In a normal heart structure, the aorta connects to the left ventricle, the chamber that pumps blood into the body. The pulmonary artery normally is connected to the right ventricle. In DORV, both arteries flow out of the right ventricle. This is a problem because the right ventricle carries oxygen-poor blood. This blood is then circulated throughout the body.
Another defect called a ventricular septal defect (VSD) always occurs with DORV. Other conditions that may be part of the defect are pulmonary valve stenosis and transposition of the great arteries.

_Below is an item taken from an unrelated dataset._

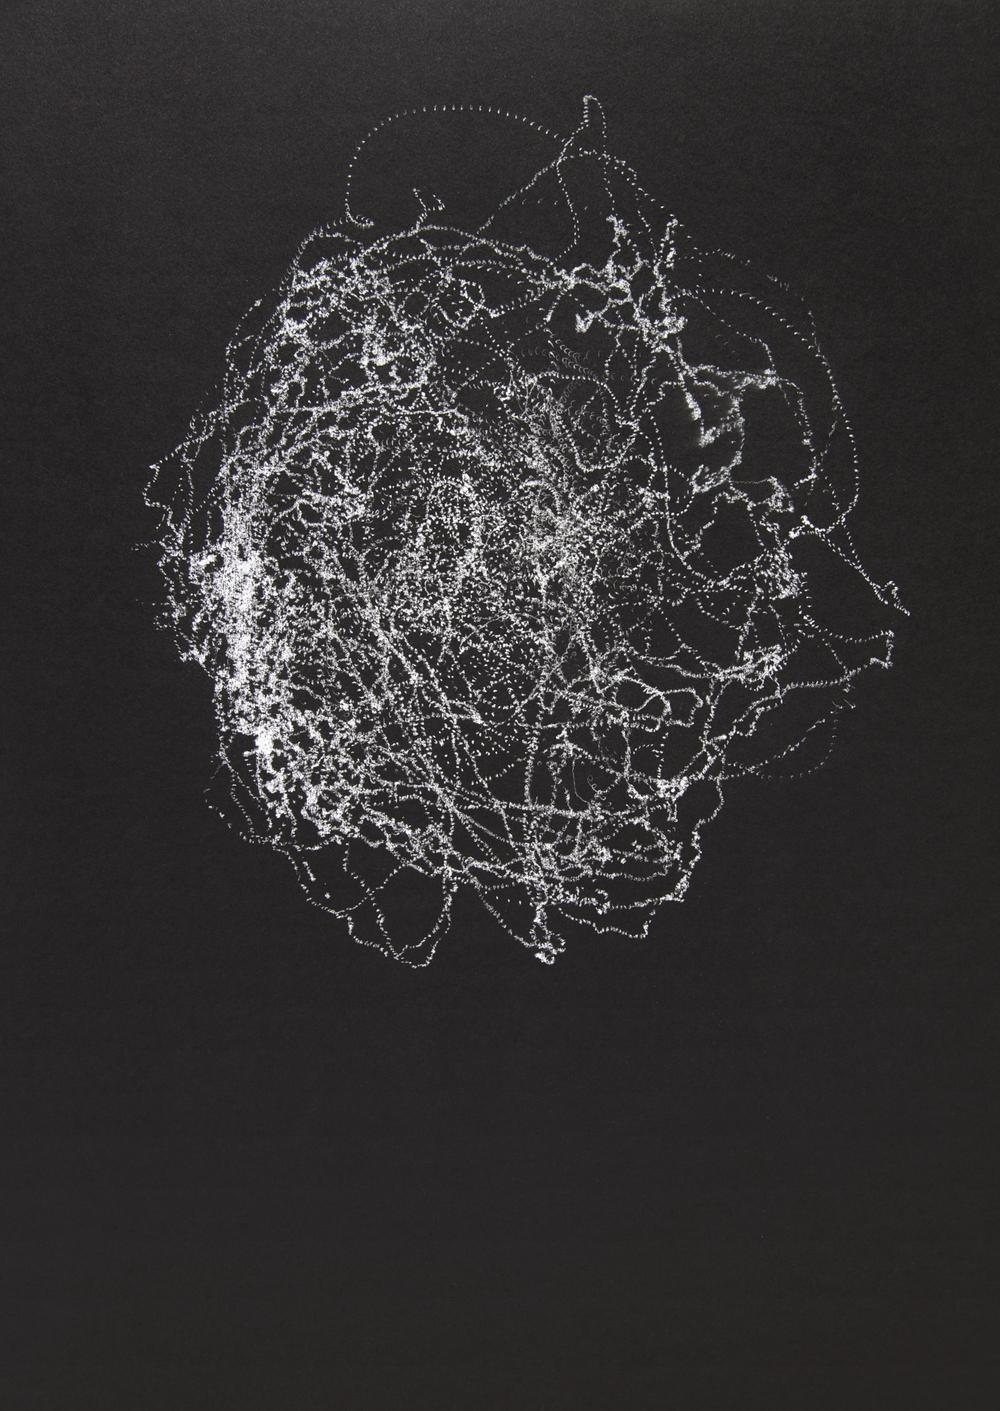 """03222016, seismogram, 19"""" x 25"""", 2016"""

Oxygen-rich blood from the lungs flows from the left side of the heart, through the VSD opening and into the right chamber. This helps the infant with DORV, because it allows oxygen-rich blood to mix with blood lacking in oxygen. Even with this mixture, the body may not get enough oxygen. This makes the heart work harder to meet the body’s needs. There are several types of DORV.
The difference between these types is the location of the VSD compared to the location of the pulmonary artery and aorta. The symptoms and severity of the problem will depend on the type of DORV the baby has. The presence of pulmonary valve stenosis also affects the condition.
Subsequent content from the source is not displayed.